System specifications:
-Graphics card: ASUS TUF GeForce RTX 4070 OC
-Processor: AMD Ryzen 7 5800x
-Motherboard: Gigabtye B550 AORUS ELITE
-RAM: G.Skill Trident Z RGB 16GB 4000Mhz
-Storage: Gigabtye Aorus 1TB, Samsung 870 Evo 1TB
-Cooler: Arctic Liquid Freezer II 240mm
-Powersupply: Corsair RM650x

Everything is running fine, Temperatures are fine, Stress tests were done on all of the components and Id like to add that based on everything Ive written down bellow I have not found a repeatable sequence of crashes, each time something was different.

So before I get into this I would like to address a bit of past events. I first encountered this issue about a year or a year and a half ago. After a while after I purchased the PC (yes it was preowned, at that time PC had a Gigabyte eagle 3070) I noticed that my RAM was not running at advertised 4000Mhz but at stock meaning XMP was disabled, so I went ahead into BIOS and turned the XMP on, at first the PC was running okay for a while but it started crashing, meaning it was unstable at 4000Mhz and after some research I noticed that other people have the same issue and AMD runs at best at 3600Mhz. So I settled for 3600Mhz and it was fine but after a while it started crashing so I turned XMP off, reset BIOS yet the issue was still there. Back then the it was still a Blue screen of death and not a black one.

After not being able to have a stable system, every time it would go under load a crash occurred.
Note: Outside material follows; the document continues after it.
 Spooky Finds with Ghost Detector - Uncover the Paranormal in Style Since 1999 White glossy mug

I was troubleshooting the pc for hours, tried reseating RAM, reset BIOS(including taking out the battery), complete reinstall of windows multiple times(even tried with windows 10, cant remember if I was running 11 or 10 at the time), multiple toggling of settings and bios settings, changing out RAM, graphics card...nothing helped and after a couple of days of troubleshooting it started to work and not crash , the issue was gone just like that on its own, but . . . . .
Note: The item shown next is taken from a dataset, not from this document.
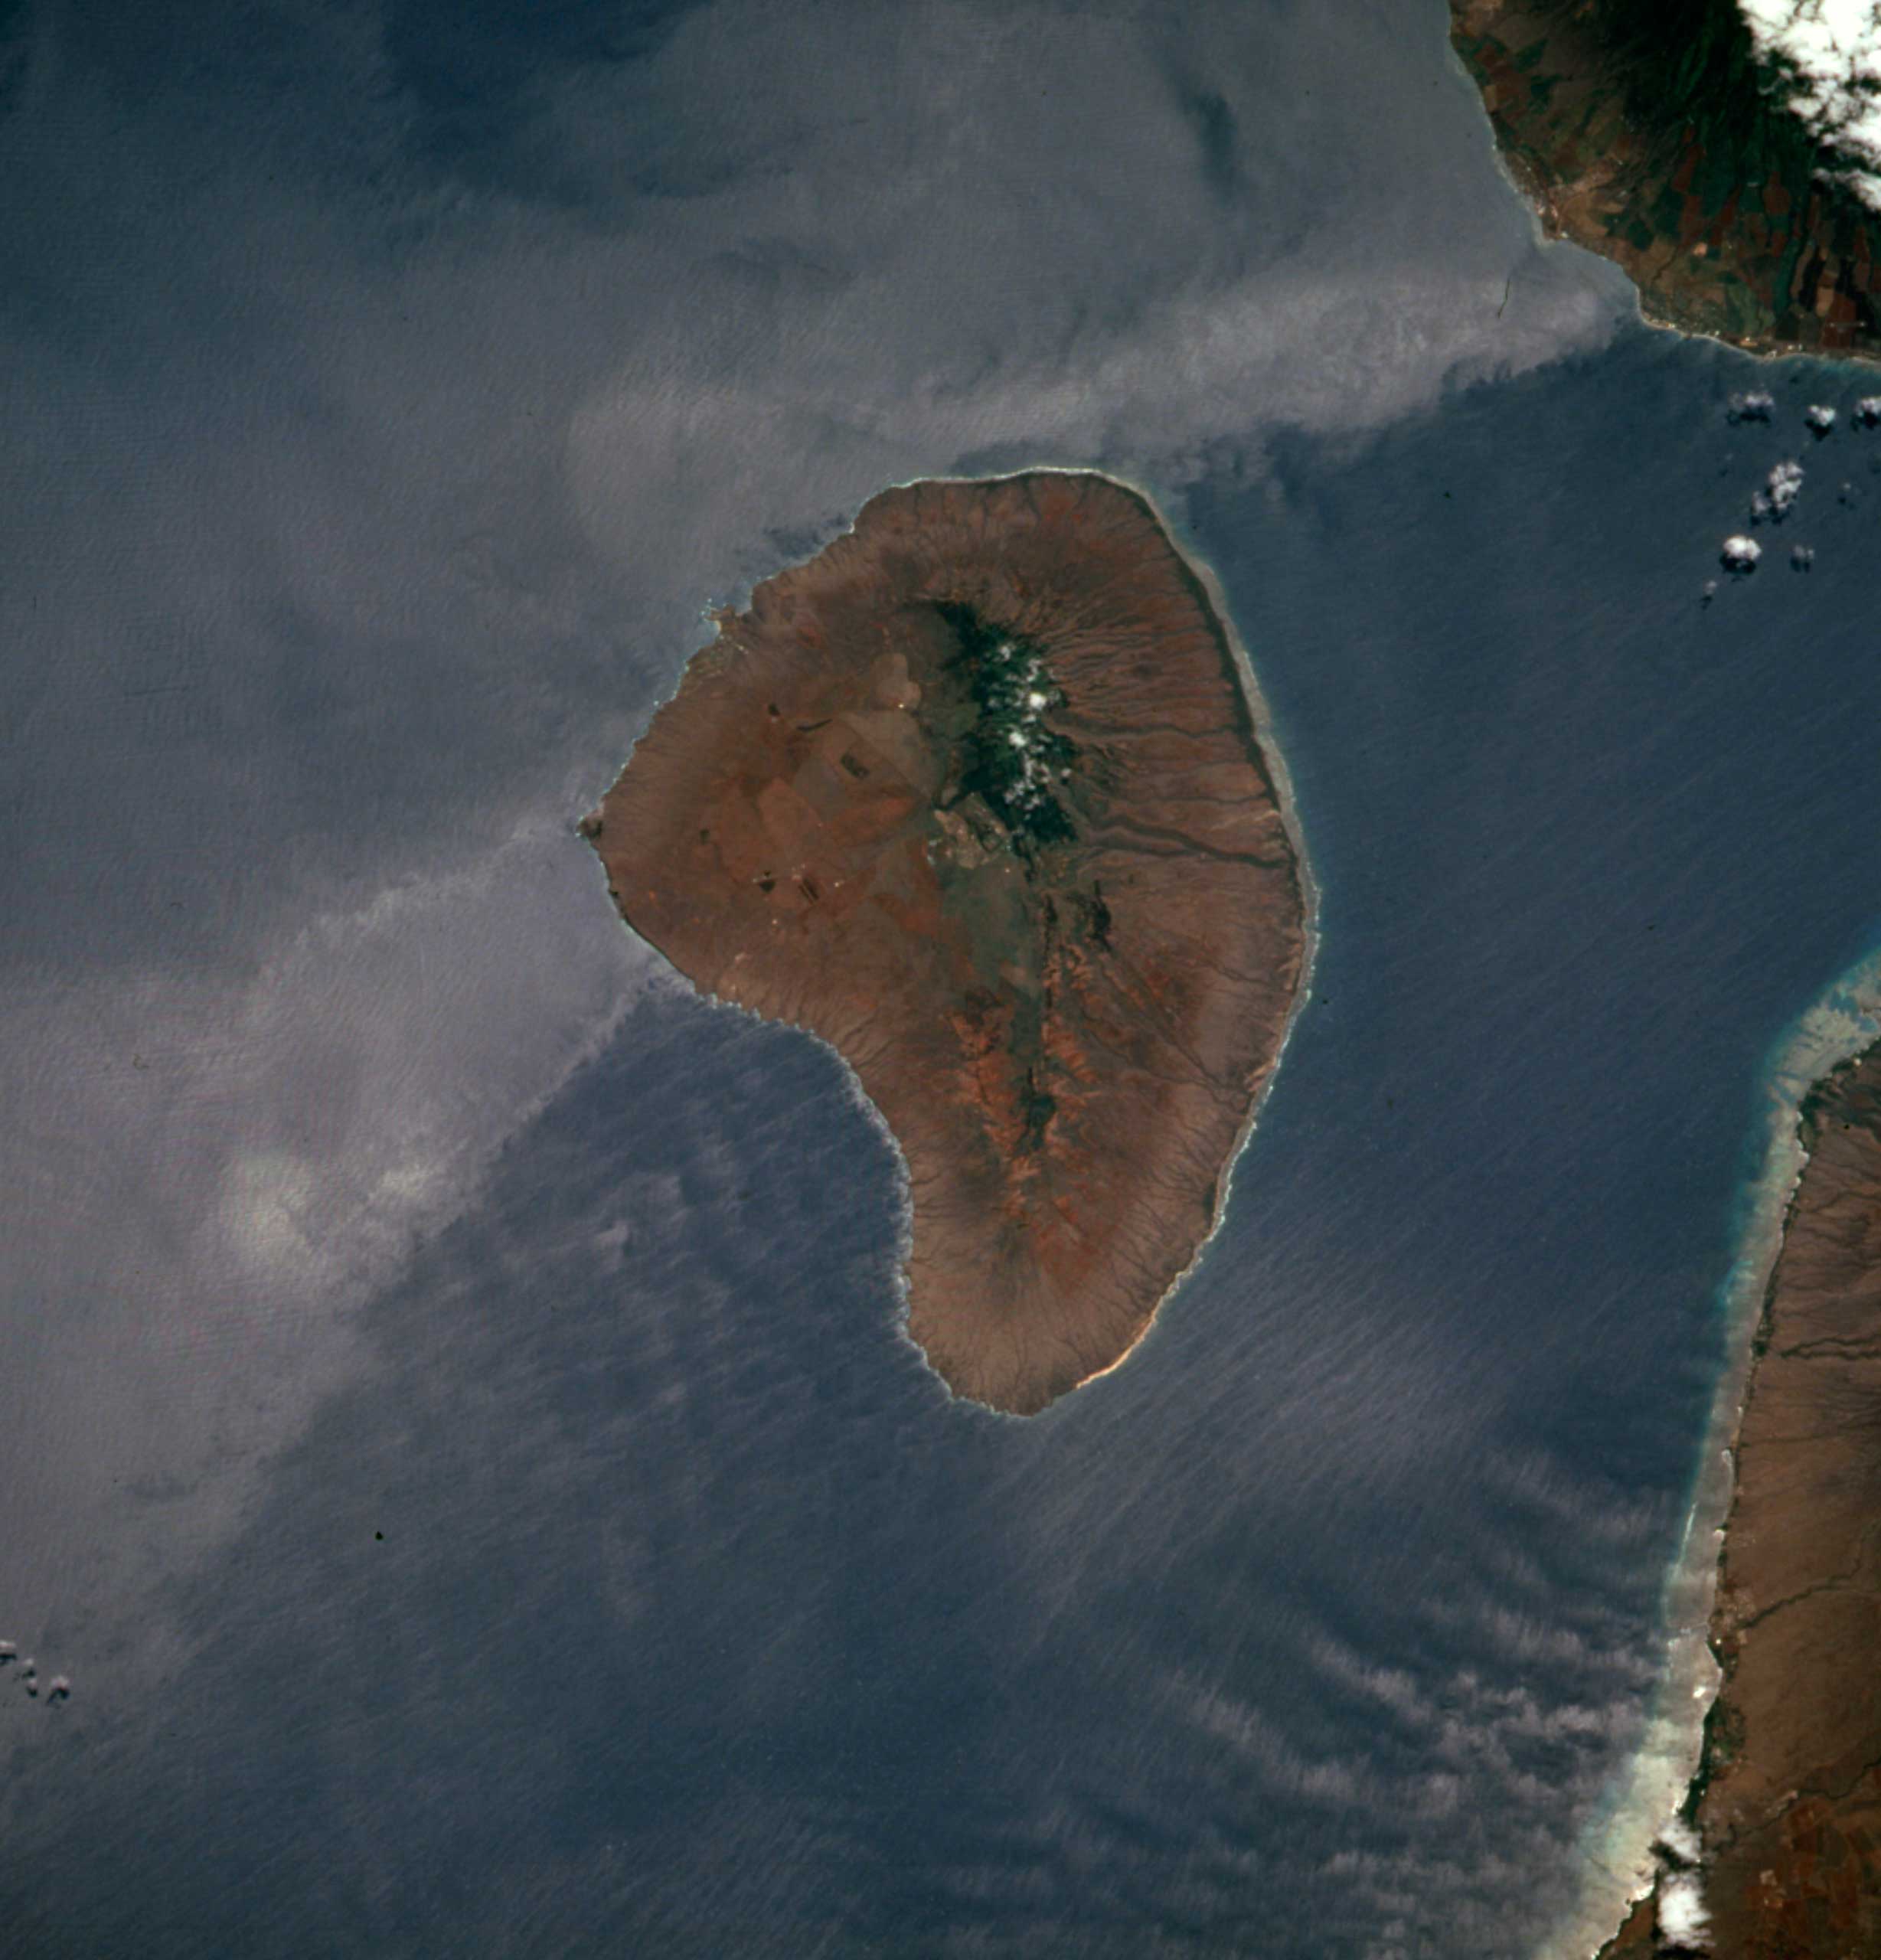 Larry Ellison
                              
                              Outgoing Oracle CEO Larry Ellison owns 98% of the 141-square-mile Hawaiian island of Lanai, which he bought for an undisclosed price. He is turning it into a  model for sustainable enterprise,  he's said, though details remain sketchy.

After a couple months diablo 4 came out, tried playing it, worked fine for a few days then boom a black screen of death, after that constant black screens of death and it didnt stay specific to diablo 4 anymore, started happening everytime there was a slight load on the system, the crashes were random (sometimes it could run for a few hours, sometimes a few minutes). And once again I repeated all of the troubleshooting steps that I stated earlier, yet this time I updated the bios to the lastest version, updated graphics card bios, nothing helped.

Then tried changing out both the graphics card(to an old gtx card) and RAM(to a 1x8GB) which resulted in no crash, so I tried it out with my ram too and there was no crash again. This led me to believing there could be something wrong with my graphics card (some of the black screens also had artifacts), so I decided to repaste it which resulted in better temps yet it didnt help with the crashes. And after days of troubleshooting boom issue disappears on its own again and months go by again(sometime in the between Ive also turned XMP back on and set it to 3600, was running fine)...In the meantime I changed out the graphics card to a 4070 incase the old 3070 could be faulty and it was running fine to this day and here I am with the issue again, black screen of death and nothing more, every time I turn any of the games on It happens, reinstalled windows, reset BIOS settings, changed out ram same thing. At this point I dont even know anymore.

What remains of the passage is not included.